→ Task objective
Starting with the line that contains "T-shirt blanc avec", repeat each line exactly through the final line of the listing. No picture should appear in the copy.

→ Data excerpt
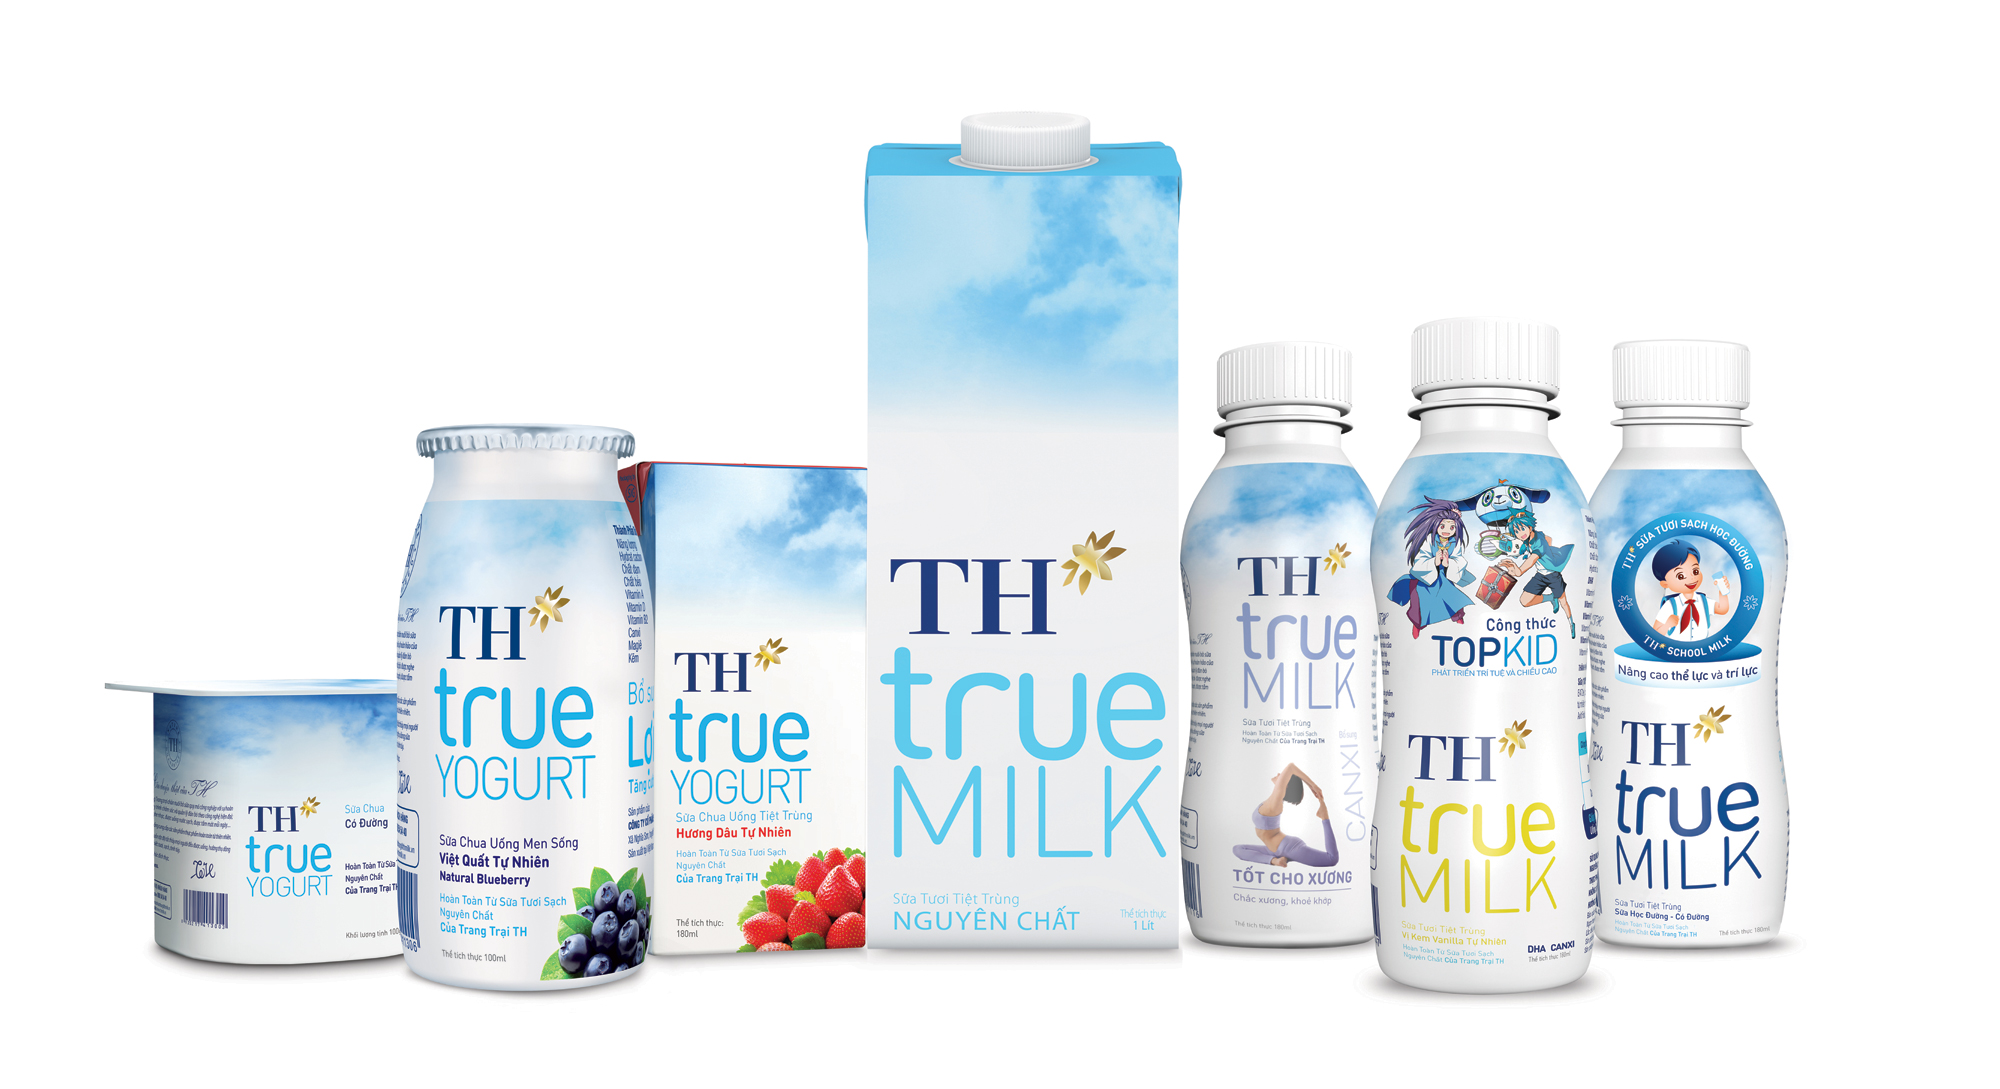 The best fresh milk brands today
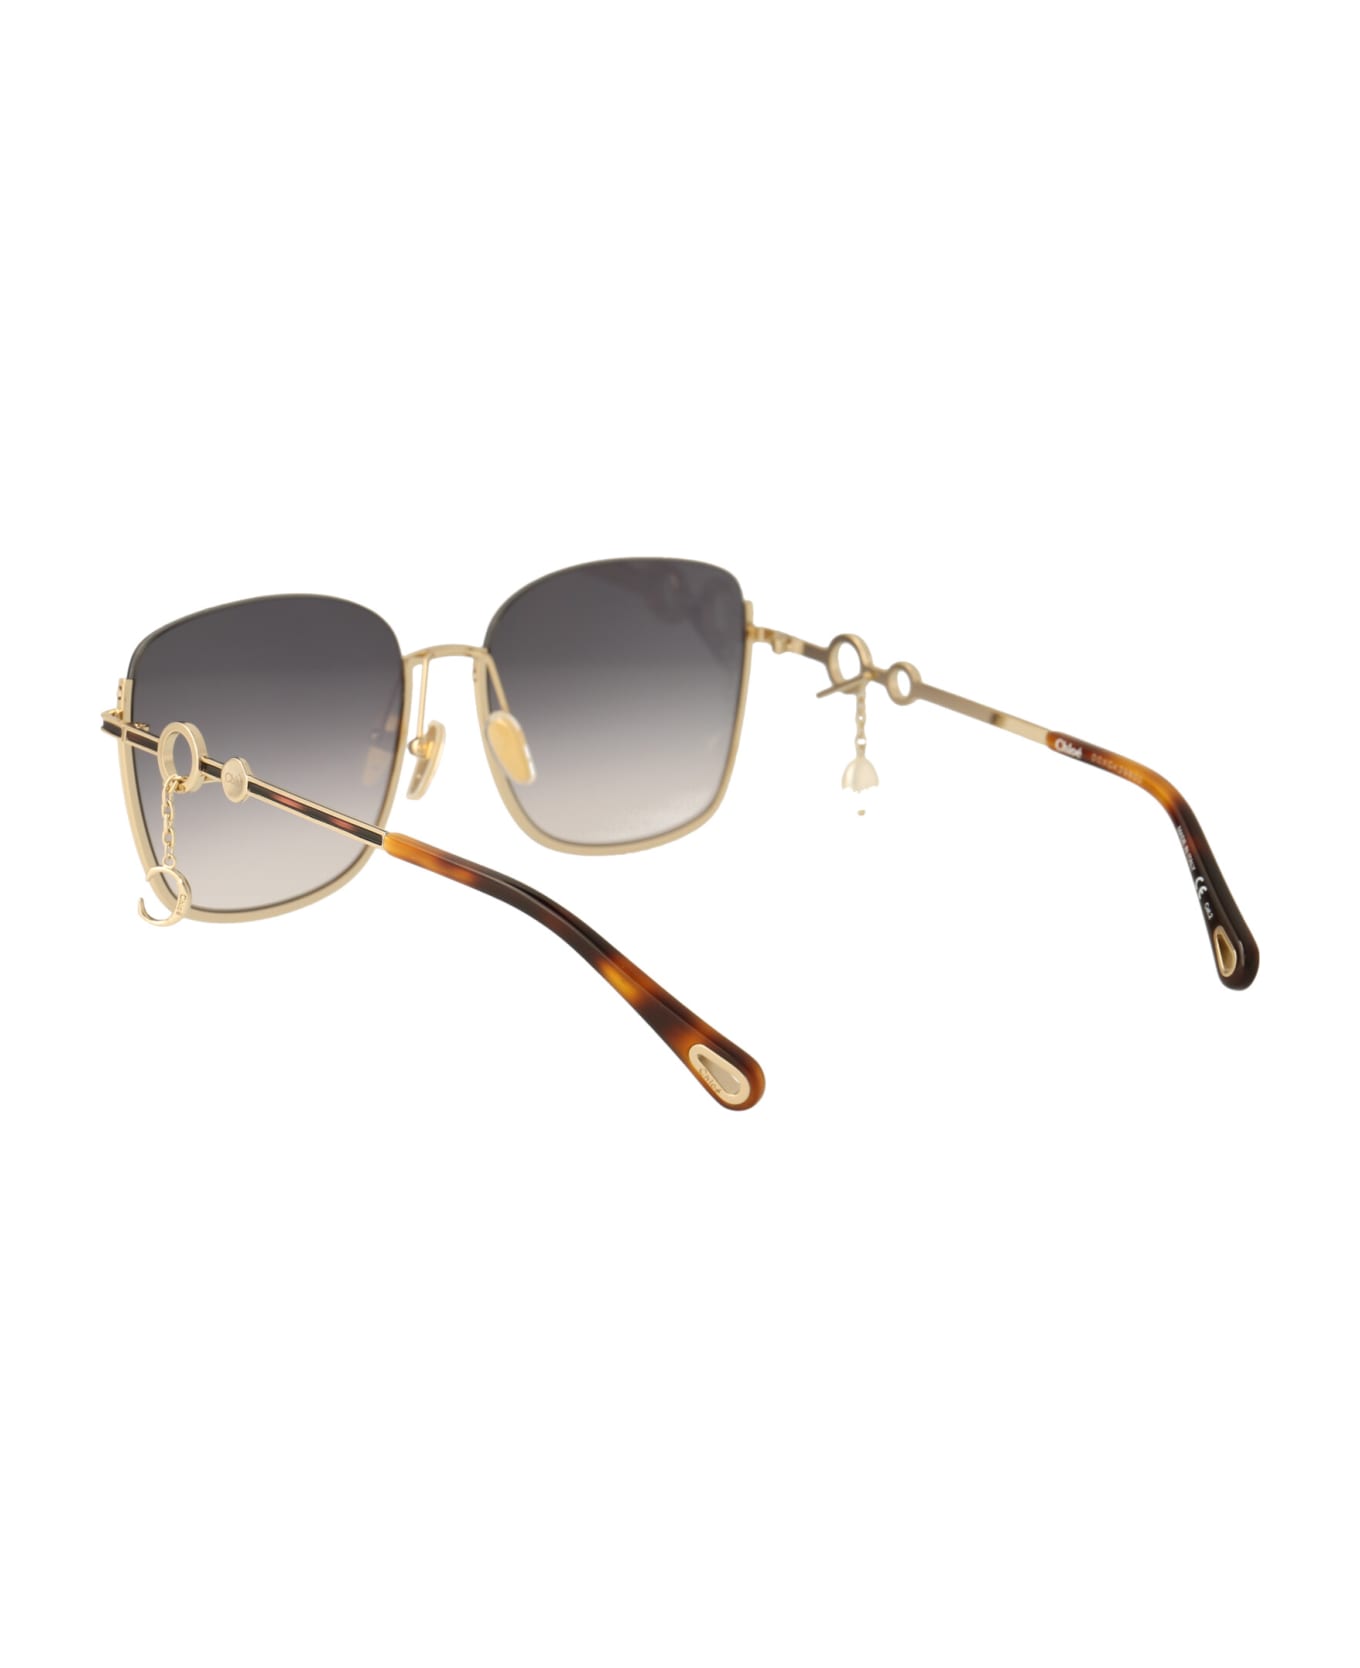 Chloé Eyewear Ch0070sk Sunglasses - 001 GOLD GOLD BLUE
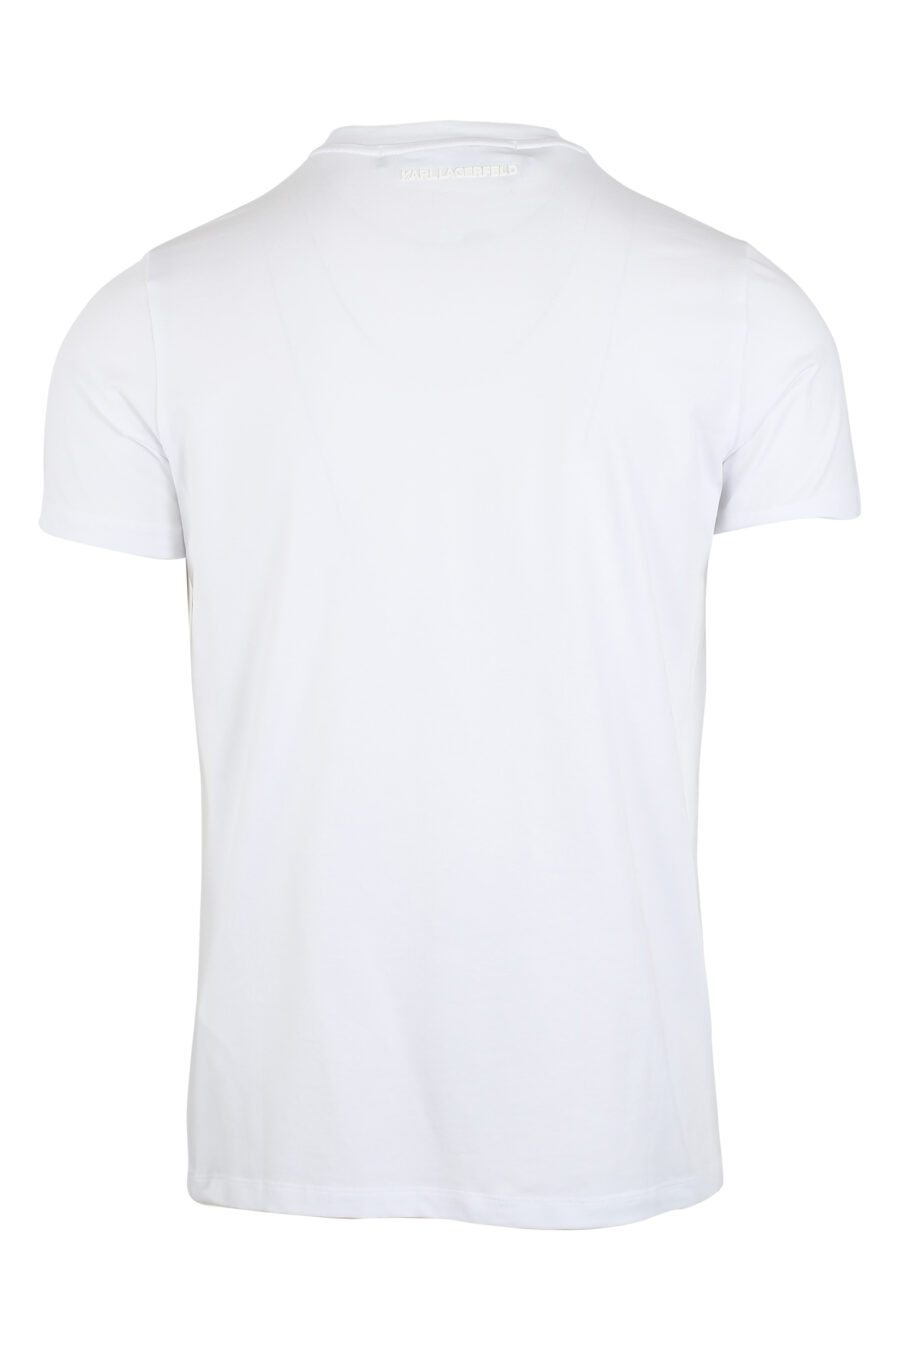 T-shirt blanc avec logo en hologramme - IMG 9487
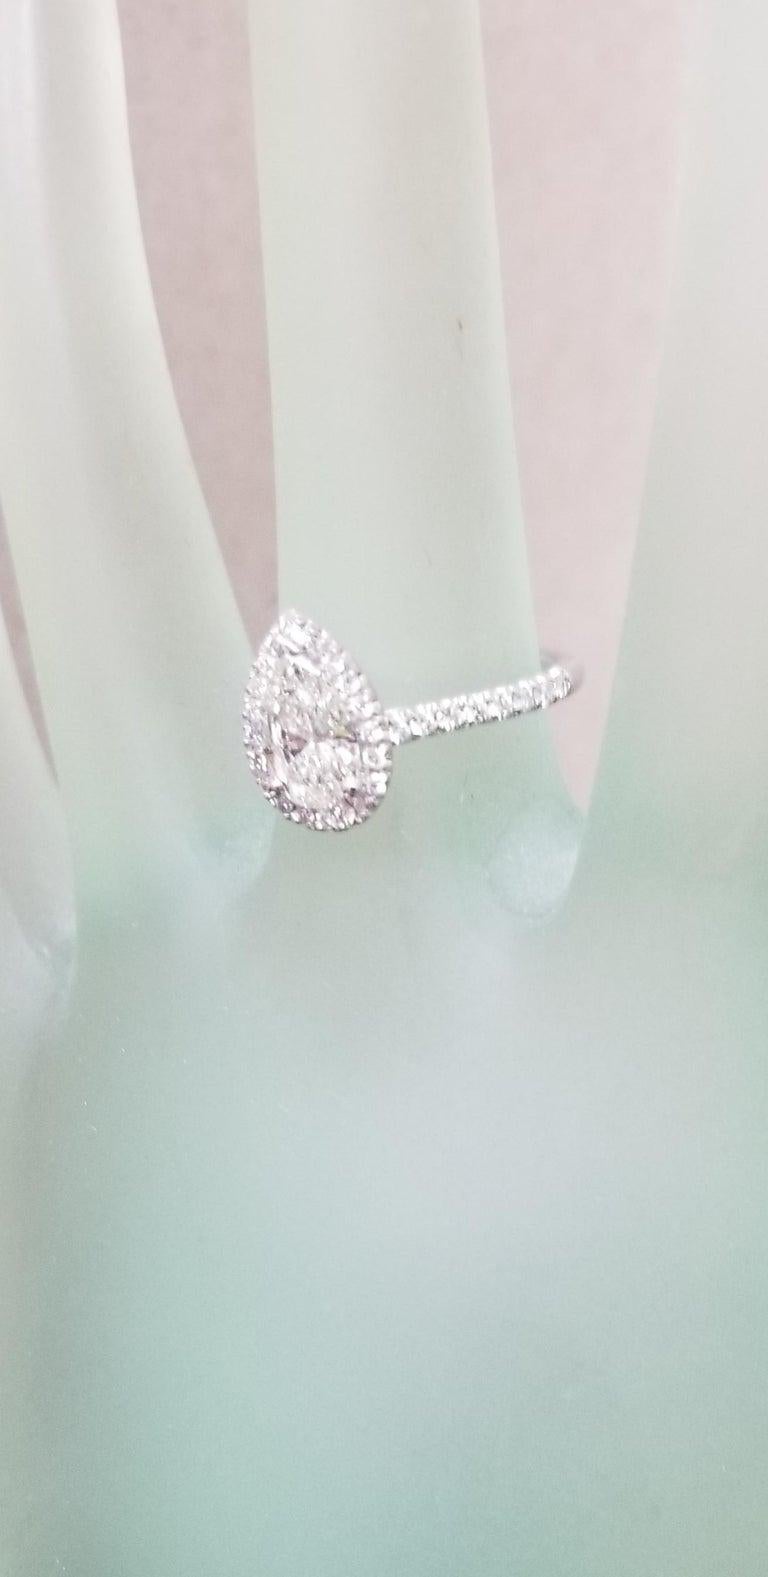 diamond ring snapchat

→ Result of the exercise
 T-shirt blanc avec logo en hologramme - IMG 9487
 diamond ring snapchat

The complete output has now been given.